Robust Encodings: A Framework for Combating Adversarial Typos
- URL: http://arxiv.org/abs/2005.01229v1
- Date: Mon, 4 May 2020 01:28:18 GMT
- Title: Robust Encodings: A Framework for Combating Adversarial Typos
- Authors: Erik Jones, Robin Jia, Aditi Raghunathan, and Percy Liang
- Abstract summary: NLP systems are easily fooled by small perturbations of inputs.

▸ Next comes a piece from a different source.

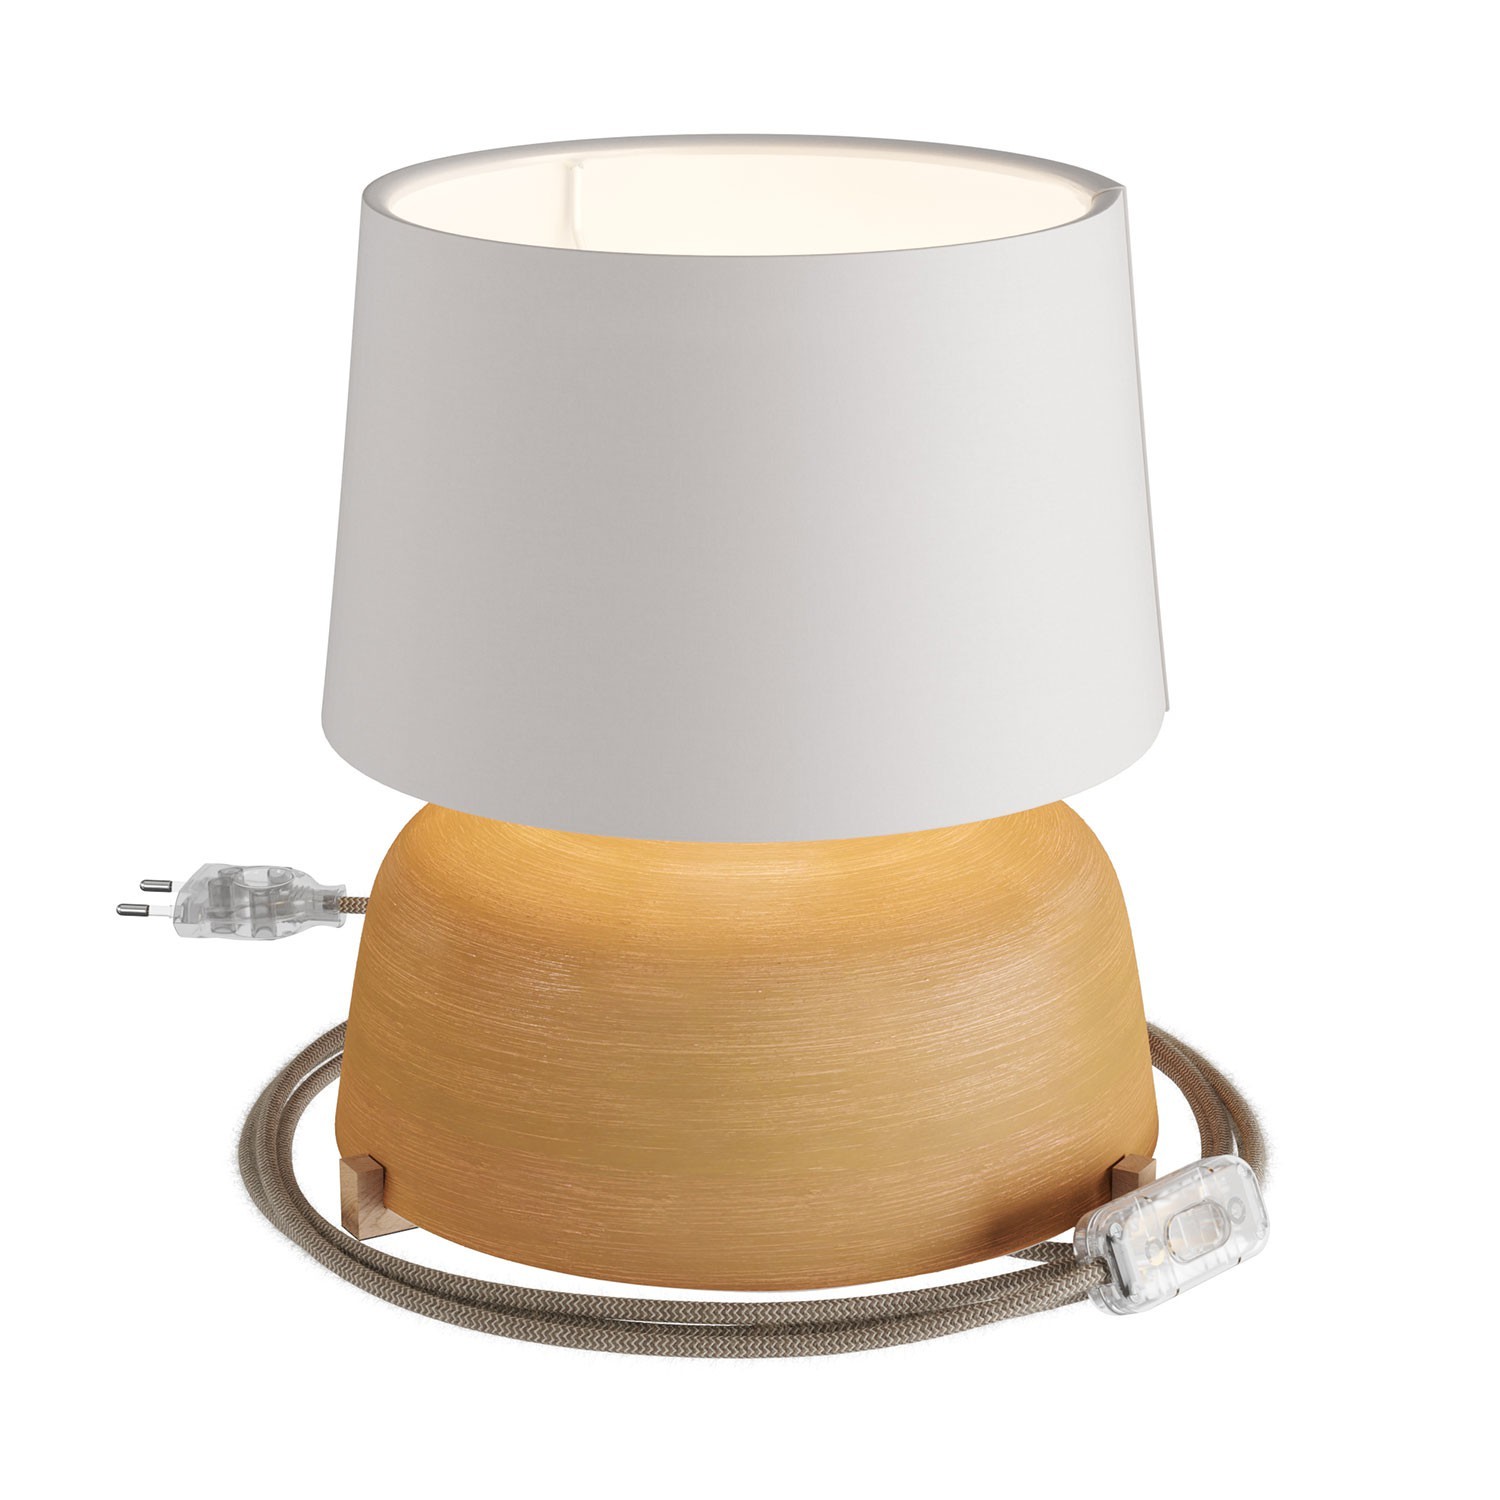 Lámpara de sobremesa de cerámica Coppa con pantalla Athena, completa con cable textil, interruptor y clavija de 2 polos

Existing procedures to defend against such perturbations provide guaranteed robustness to worst-case attacks.
We introduce robust encodings (RobEn) that confer guaranteed robustness without making compromises on model architecture.
- Score: 85.70270979772388
- License: http://arxiv.org/licenses/nonexclusive-distrib/1.0/
- Abstract: Despite excellent performance on many tasks, NLP systems are easily fooled by
small adversarial perturbations of inputs. Existing procedures to defend
against such perturbations are either (i) heuristic in nature and susceptible
to stronger attacks or (ii) provide guaranteed robustness to worst-case
attacks, but are incompatible with state-of-the-art models like BERT. In this
work, we introduce robust encodings (RobEn): a simple framework that confers
guaranteed robustness, without making compromises on model architecture. The
core component of RobEn is an encoding function, which maps sentences to a
smaller, discrete space of encodings. Systems using these encodings as a
bottleneck confer guaranteed robustness with standard training, and the same
encodings can be used across multiple tasks. We identify two desiderata to
construct robust encoding functions: perturbations of a sentence should map to
a small set of encodings (stability), and models using encodings should still
perform well (fidelity). We instantiate RobEn to defend against a large family
of adversarial typos. Across six tasks from GLUE, our instantiation of RobEn
paired with BERT achieves an average robust accuracy of 71.3% against all
adversarial typos in the family considered, while previous work using a
typo-corrector achieves only 35.3% accuracy against a simple greedy attack.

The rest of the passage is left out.